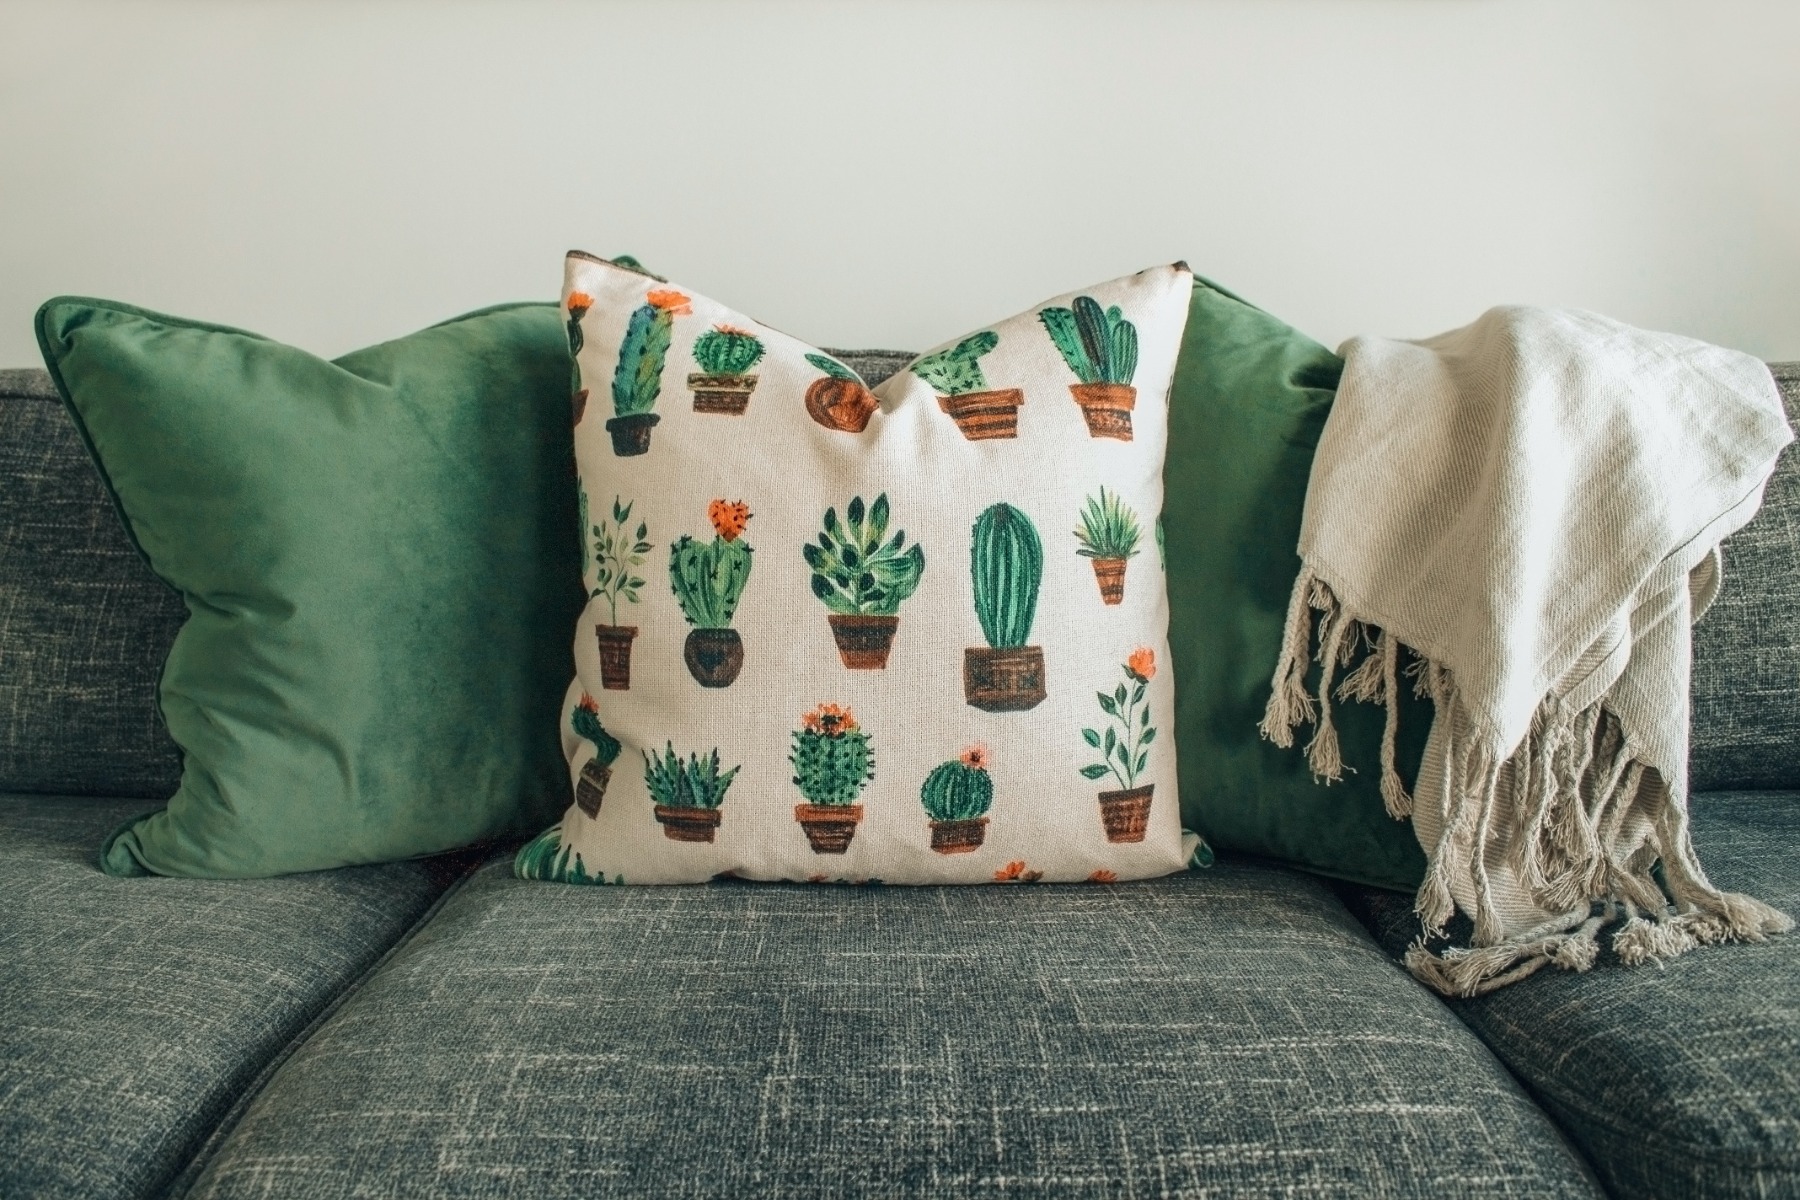 An image of cushions and a blanket on a sofa
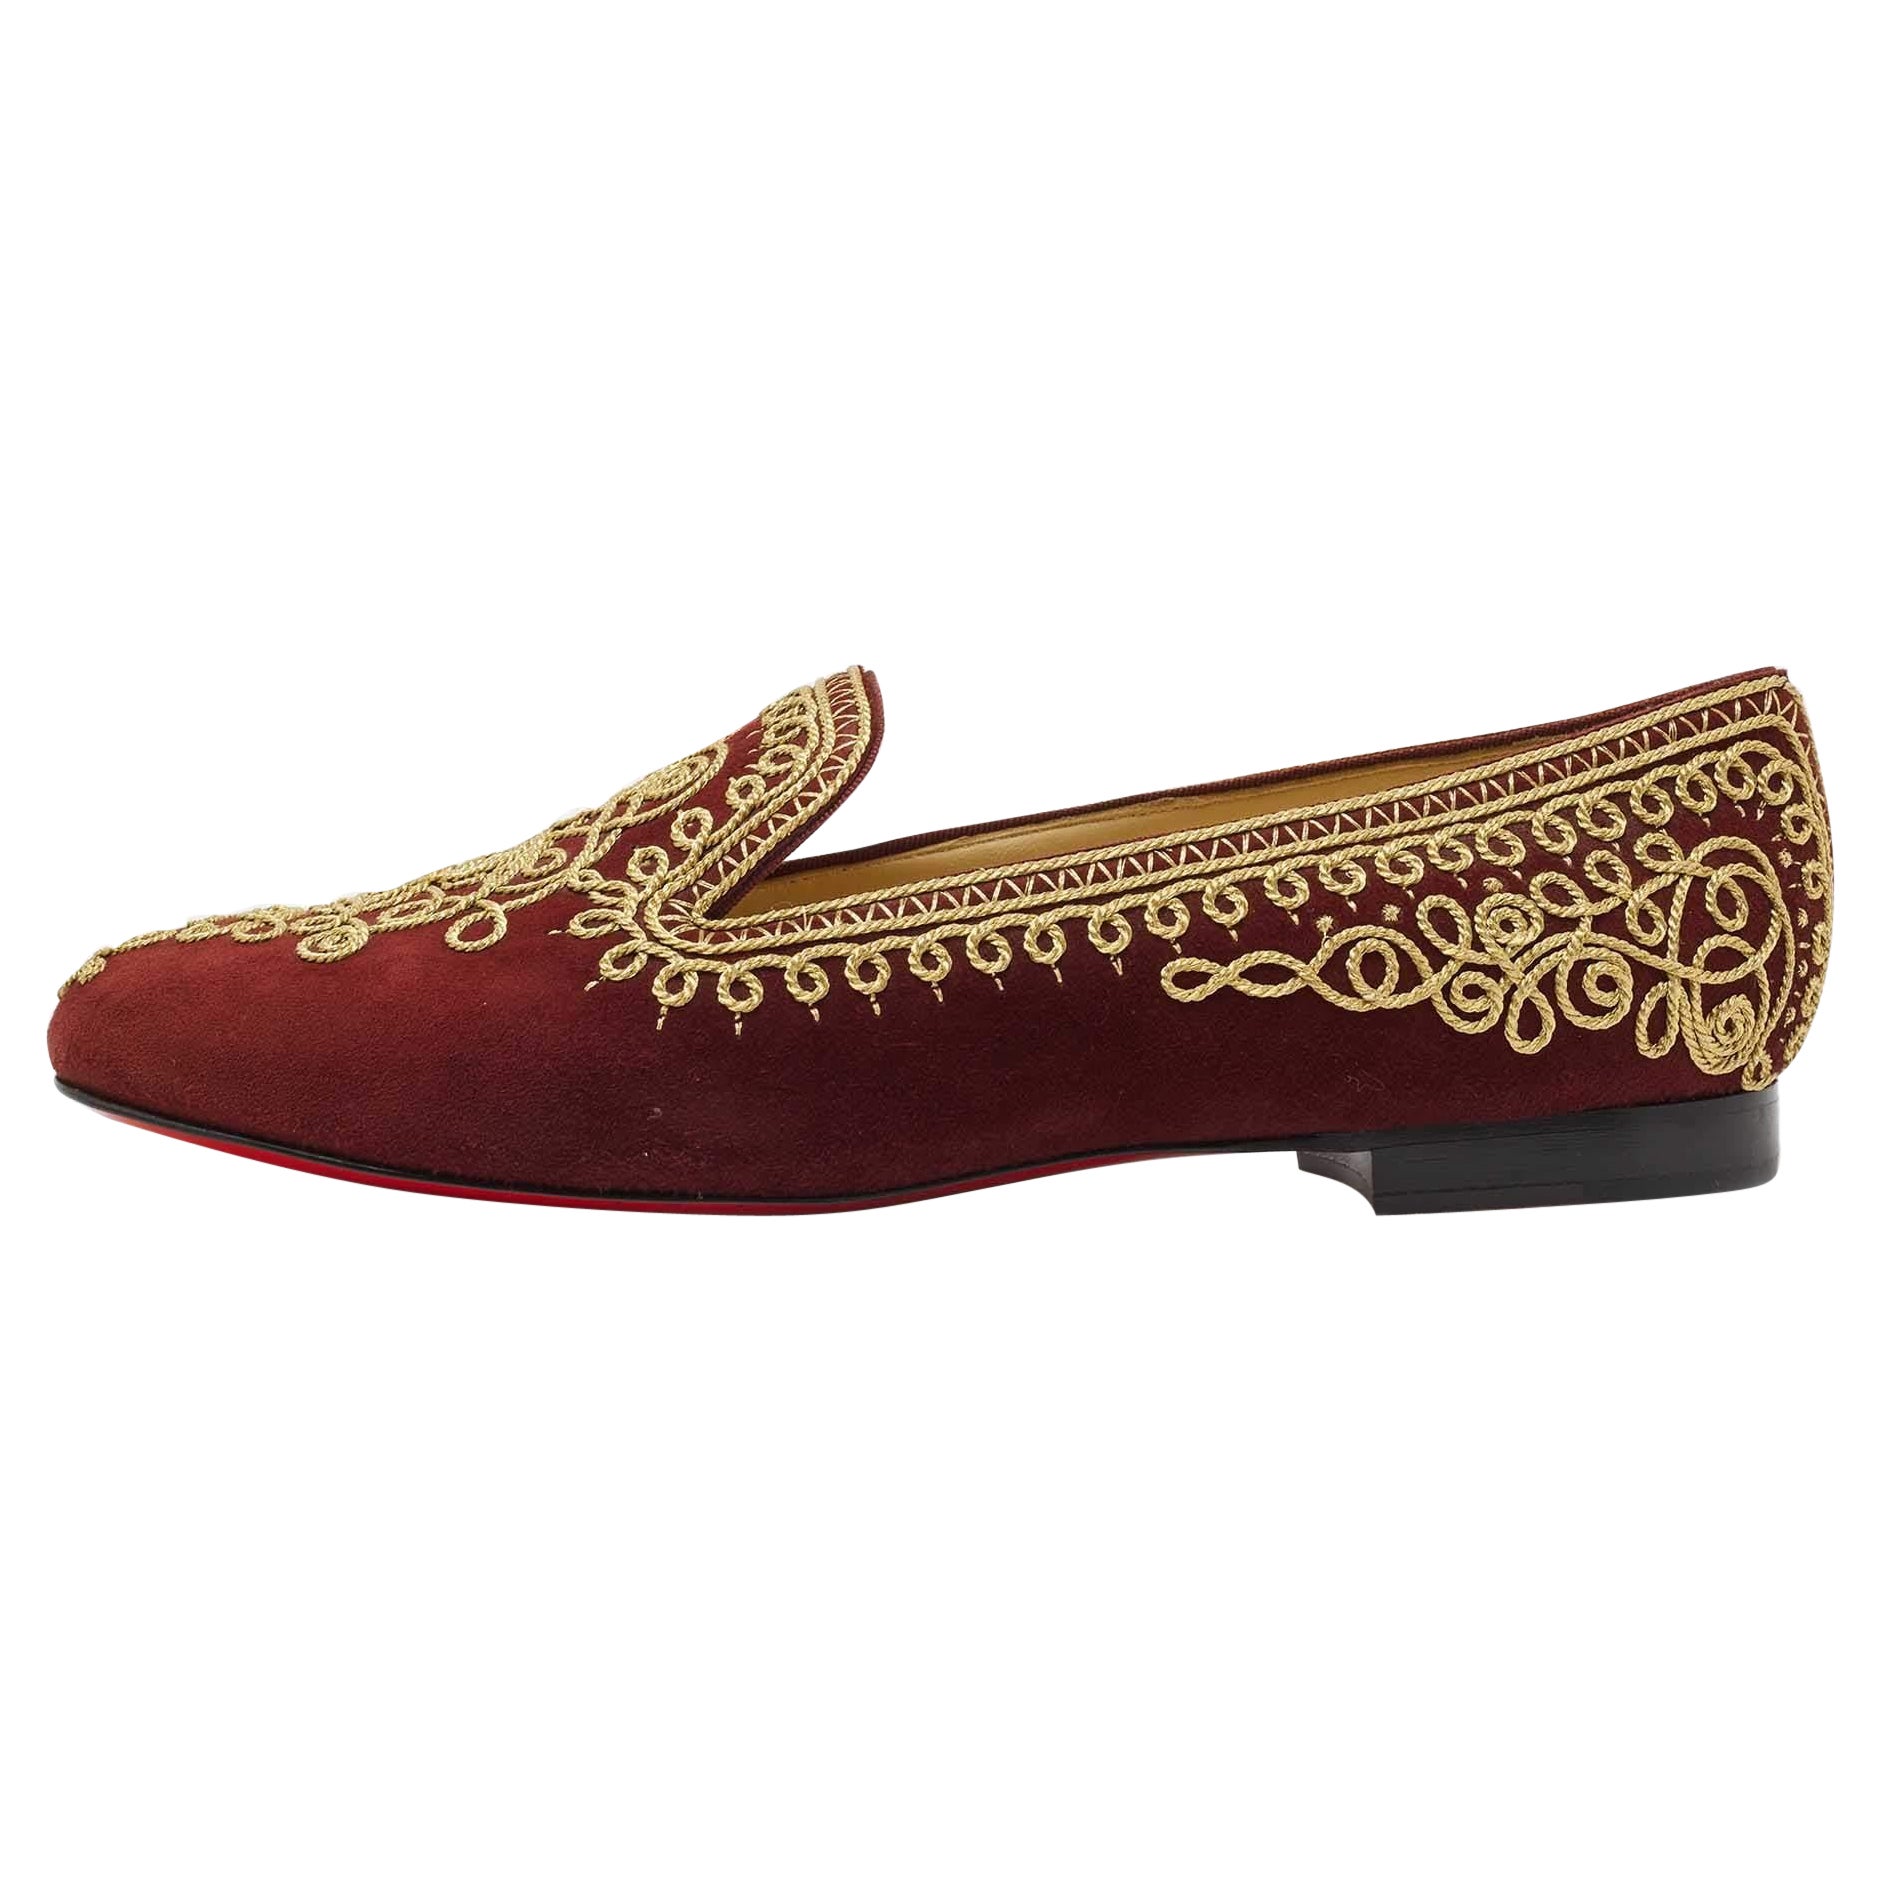 Christian Louboutin Burgundy Embroidered Mamounia Smoking Slippers Size 40.5 For Sale
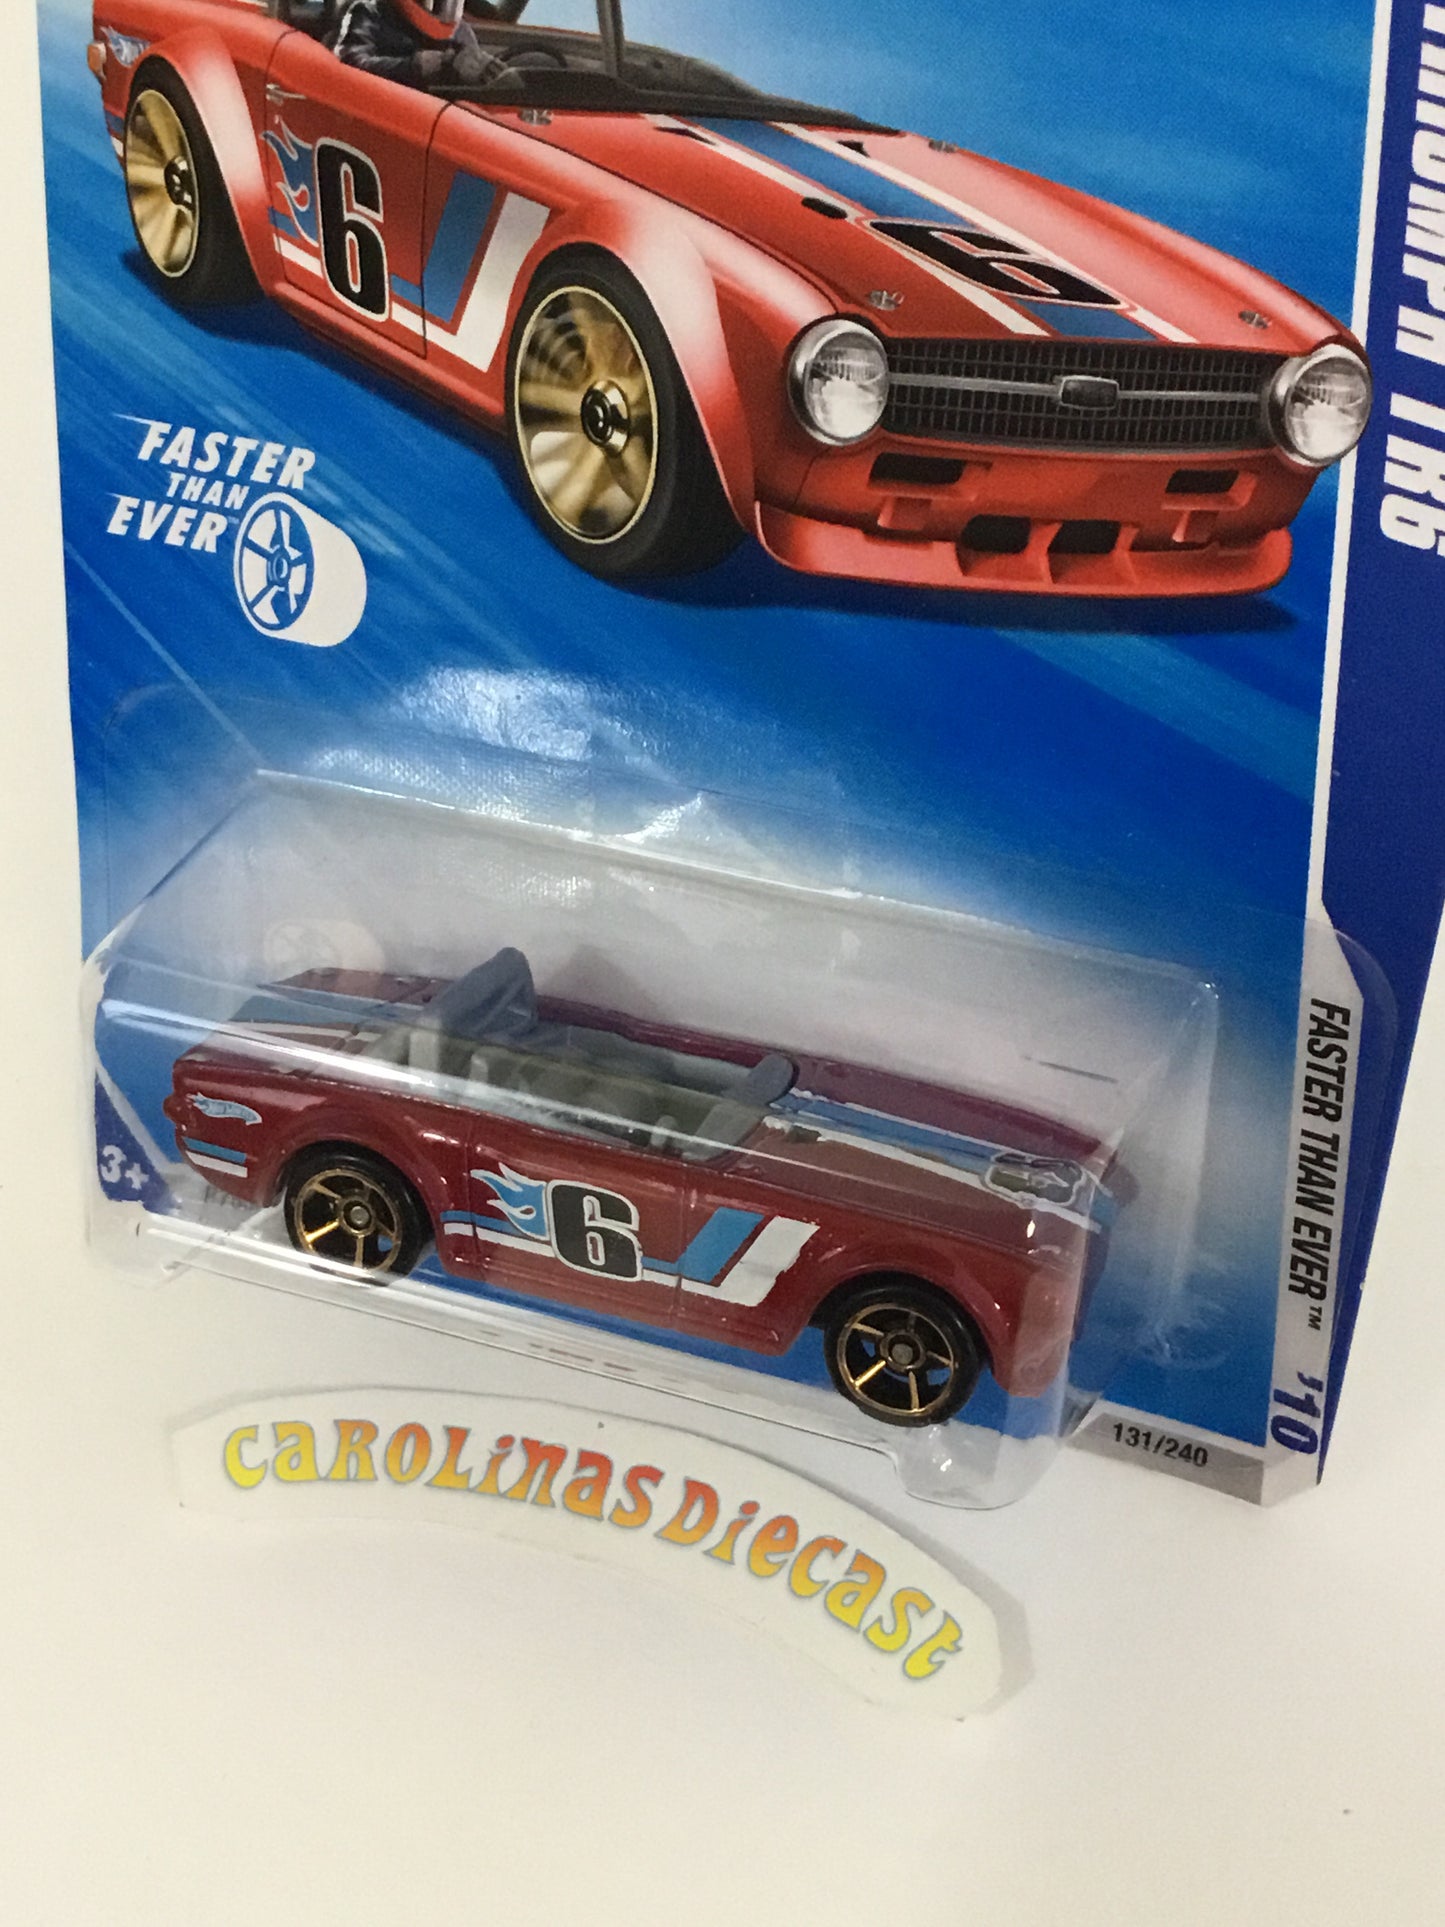 2010 Hot Wheels #131 Triumph TR6 red fte faster than ever

TASK GOAL ▸
Each of the lines above should be transcribed exactly; no image is to be copied.

TASK OUTPUT ▸
 An image of cushions and a blanket on a sofa
 Christian Louboutin Burgundy Embroidered Mamounia Smoking Slippers Size 40.5 For Sale
 2010 Hot Wheels #131 Triumph TR6 red fte faster than ever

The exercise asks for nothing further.